You might want to use this tactic carefully....
 
And im still perplex. This is s laughing matter?

I apologize for the confusion. Yes. Yes it is very funny to me that a man is complaining that public transportation is not designed with his testicles in mind. This comes from a woman whose arms are about 5 inches shorter than a typical man's, who has to sit in front of an airbag designed for a man every time she drives. And whose legs fall asleep while traveling because all the public seats are designed to accommodate those men and my legs can't reach the floor. And he doesn't feel there's enough space for his testicles. And just, yeah, that's fucking funny.

lol... yea, and nevermind the followup issue of now there being laws where people are arrested for BEING TO SMALL TO BE SITTING IN THE BIG SEATS
 
I apologize for the confusion. Yes. Yes it is very funny to me that a man is complaining that public transportation is not designed with his testicles in mind. This comes from a woman whose arms are about 5 inches shorter than a typical man's, who has to sit in front of an airbag designed for a man every time she drives. And whose legs fall asleep while traveling because all the public seats are designed to accommodate those men and my legs can't reach the floor. And he doesn't feel there's enough space for his testicles. And just, yeah, that's fucking funny.

lol... yea, and nevermind the followup issue of now there being laws where people are arrested for BEING TO SMALL TO BE SITTING IN THE BIG SEATS

Well, fortunately progressives are mainly concerned with identity group-level fairness not individual-level fairness.

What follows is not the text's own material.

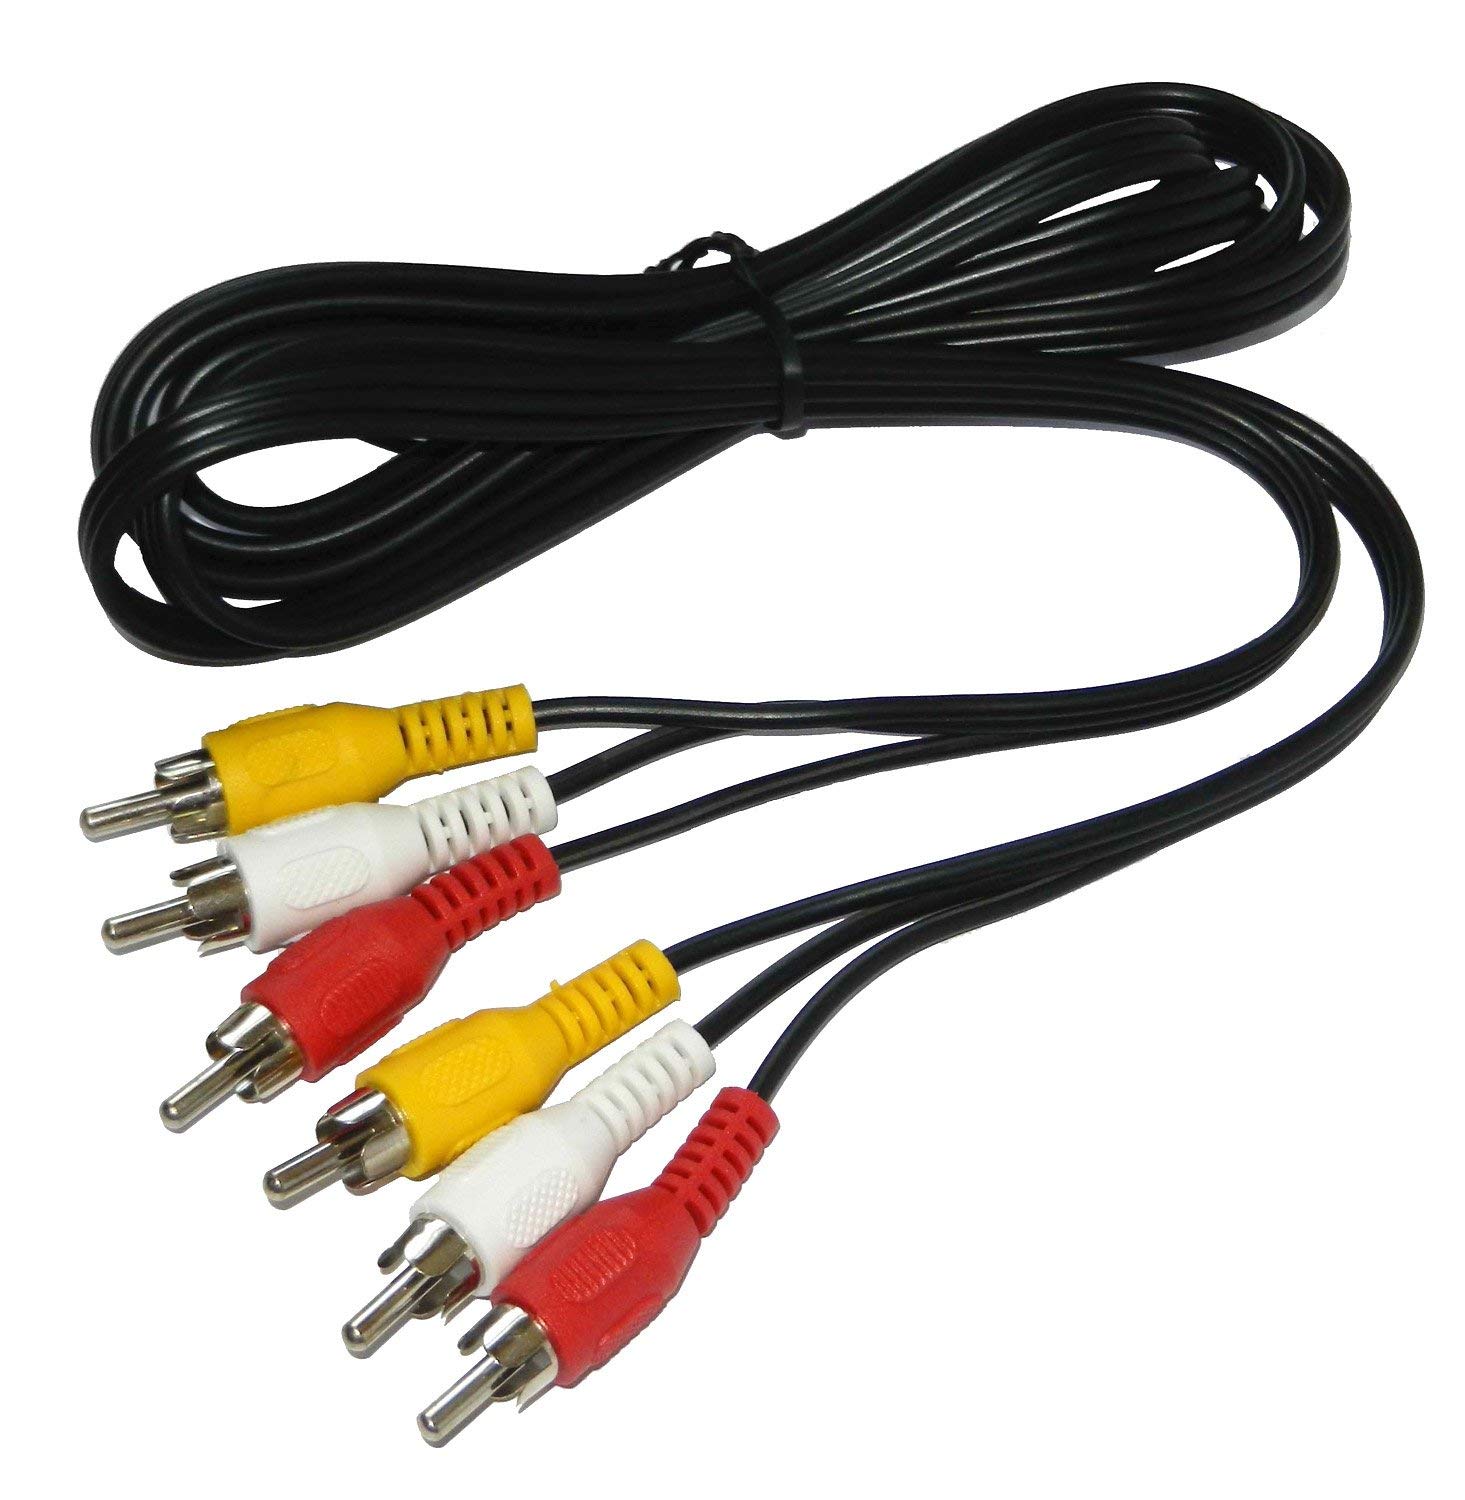 How To Use Stereo Audio Cable For TV

Thus if we design gender specific seats to equilibrate the average comfort level of men and women we achieve the appropriate gender level of fairness required and needn't concern ourselves overmuch with individuals.
 
lol... yea, and nevermind the followup issue of now there being laws where people are arrested for BEING TO SMALL TO BE SITTING IN THE BIG SEATS

Well, fortunately progressives are mainly concerned with identity group-level fairness not individual-level fairness.

Thus if we design gender specific seats to equilibrate the average comfort level of men and women we achieve the appropriate gender level of fairness required and needn't concern ourselves overmuch with individuals.

Watch it. We might require you rent an approved seat on the bus, much like the stadiums that forbid outside seat cushions and back support.

And it will be a Porphyry Chair that allows the driver to check your junk like they do the Pope*.


(See legend of Pope Joan.)
 
No, they were designed by engineers to get the maximum number of bodies onto a plane, which generally works much more against men than against women.

The average chair dimension has not changed since the 1950s, yet across the entire globe people have gotten taller and fatter.

Actually, coach seats on the major airlines like American and United have shrunk over the last 30 years by about 2 inches in width an 2-5 inches in "depth" (i.e. legroom), depending upon the plane.
That coach "premium" section which costs another $50-$70 just gets you seats with legroom that normal coach had 20 years ago. To make it worse, planes with in-seat screen usually have a hard-drive box under every seat, eliminated 30% of the space for your feet.

Even as a 6'3" man, I have painfully felt this change. My knees cannot fit on most planes, unless I "manspread".